[Start of Attachment]

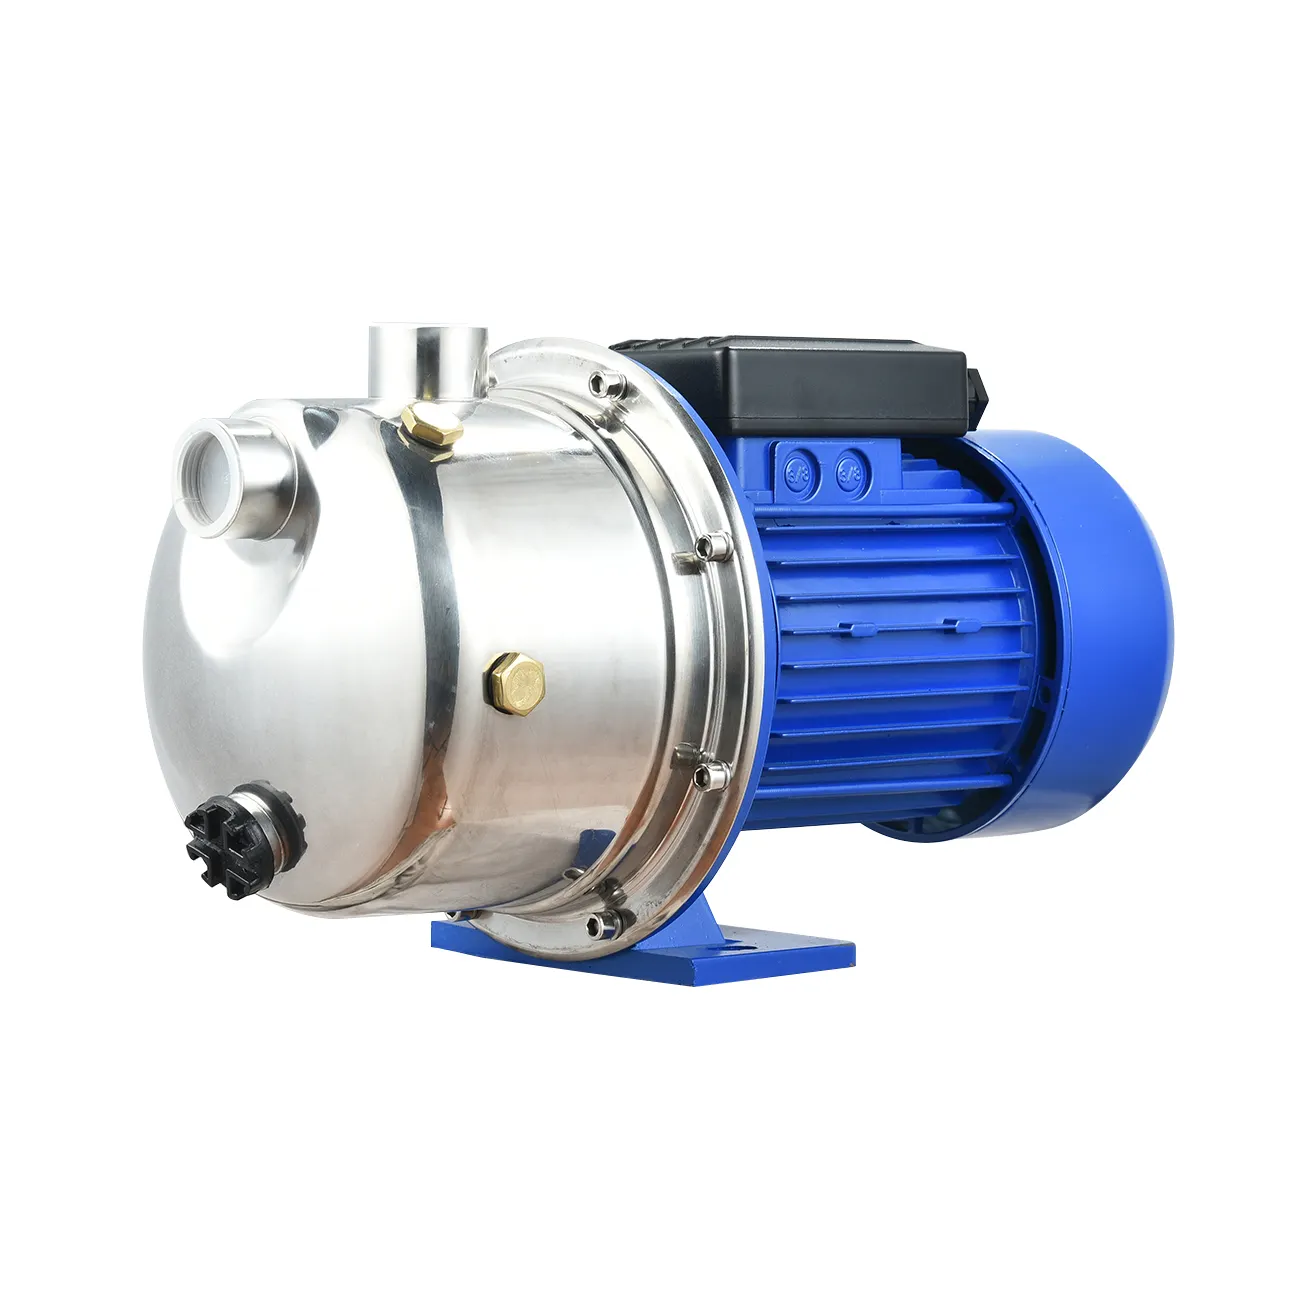 Julante JS 80 series 0.75hp 550w 220v smart stainless steel pump self priming pump jet pump
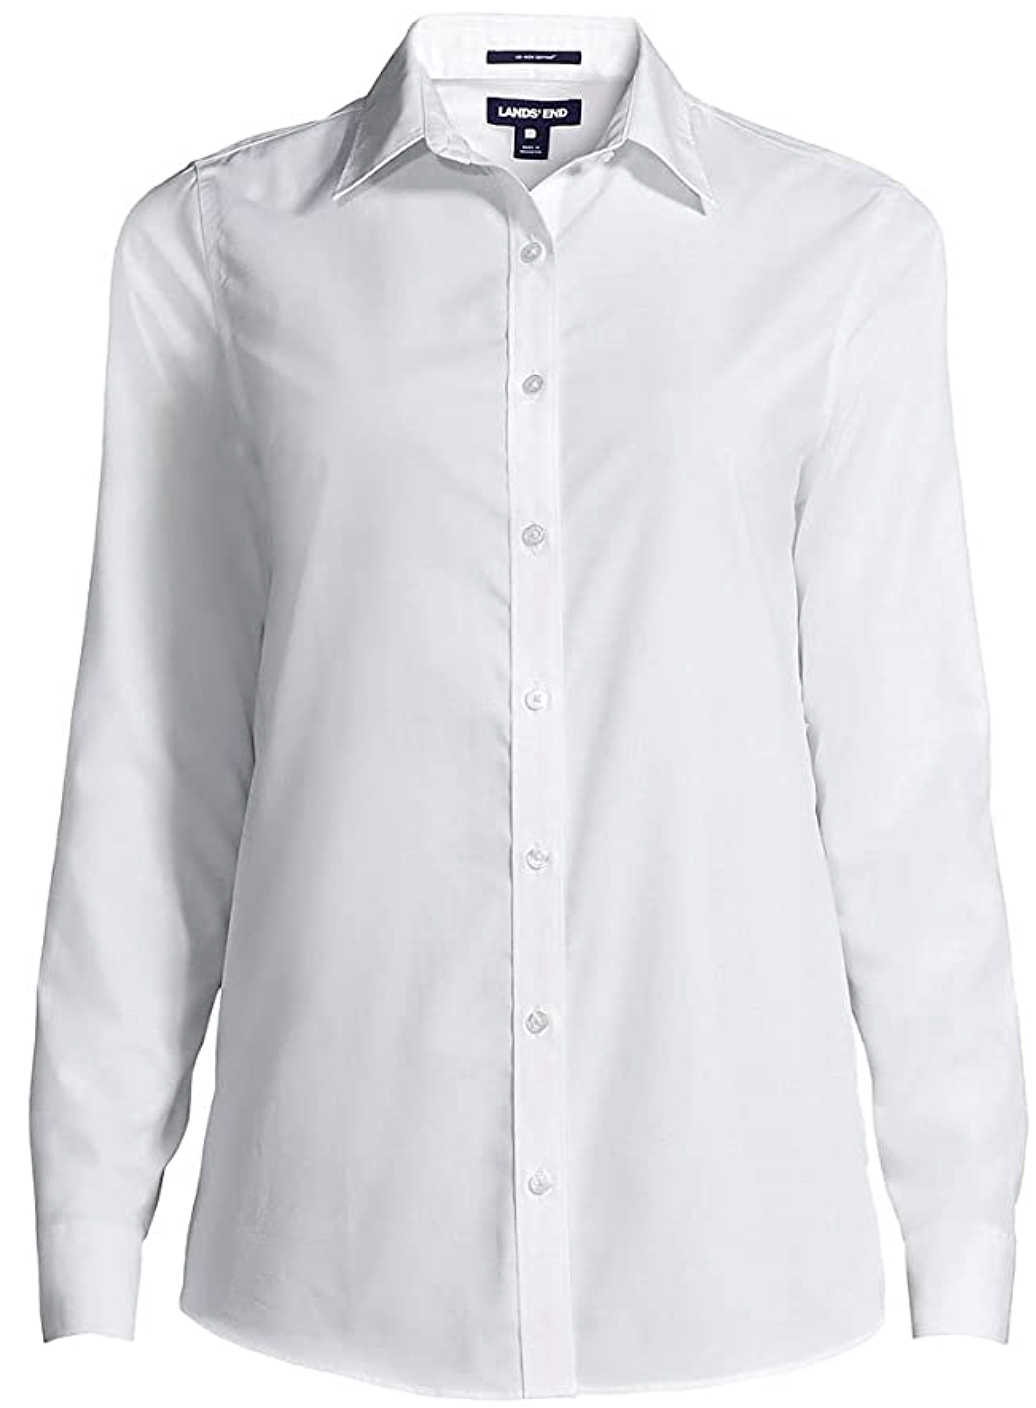 Lands\u2019 End Long Sleeve Shirt white business style Fashion Formal Shirts Long Sleeve Shirts Lands’ End 
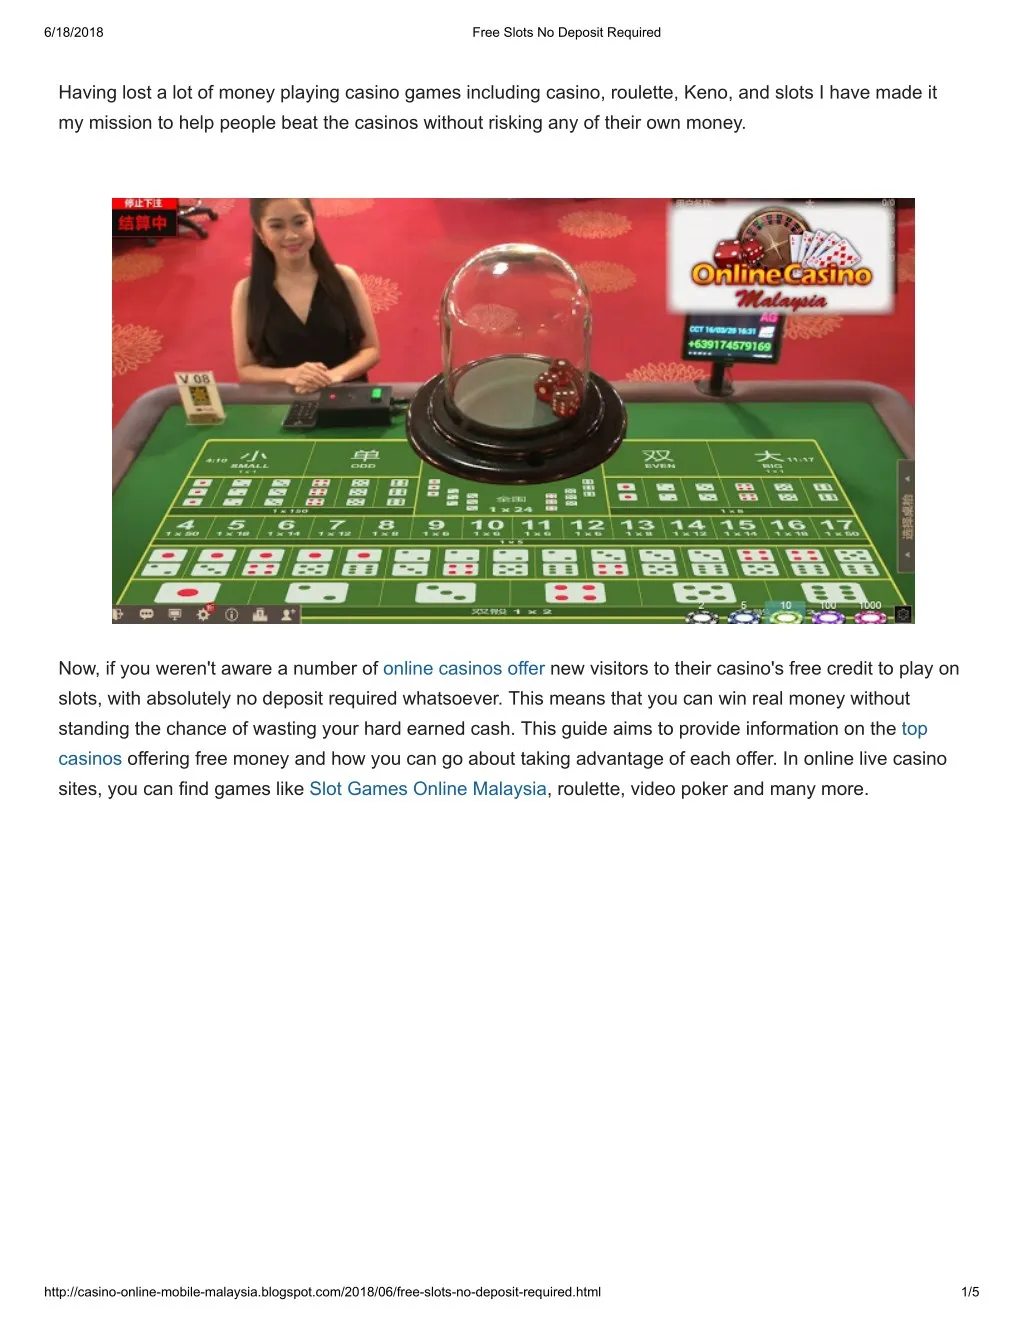 Free Online Slots - Free Computer Casino Games Casino

[End of Attachment]

» **TASK**
Except for the pictures, the whole listing above should be transcribed exactly.

» **OUTPUT FOR THIS TASK**
 Julante JS 80 series 0.75hp 550w 220v smart stainless steel pump self priming pump jet pump
 Lands\u2019 End Long Sleeve Shirt white business style Fashion Formal Shirts Long Sleeve Shirts Lands’ End 
 Free Online Slots - Free Computer Casino Games Casino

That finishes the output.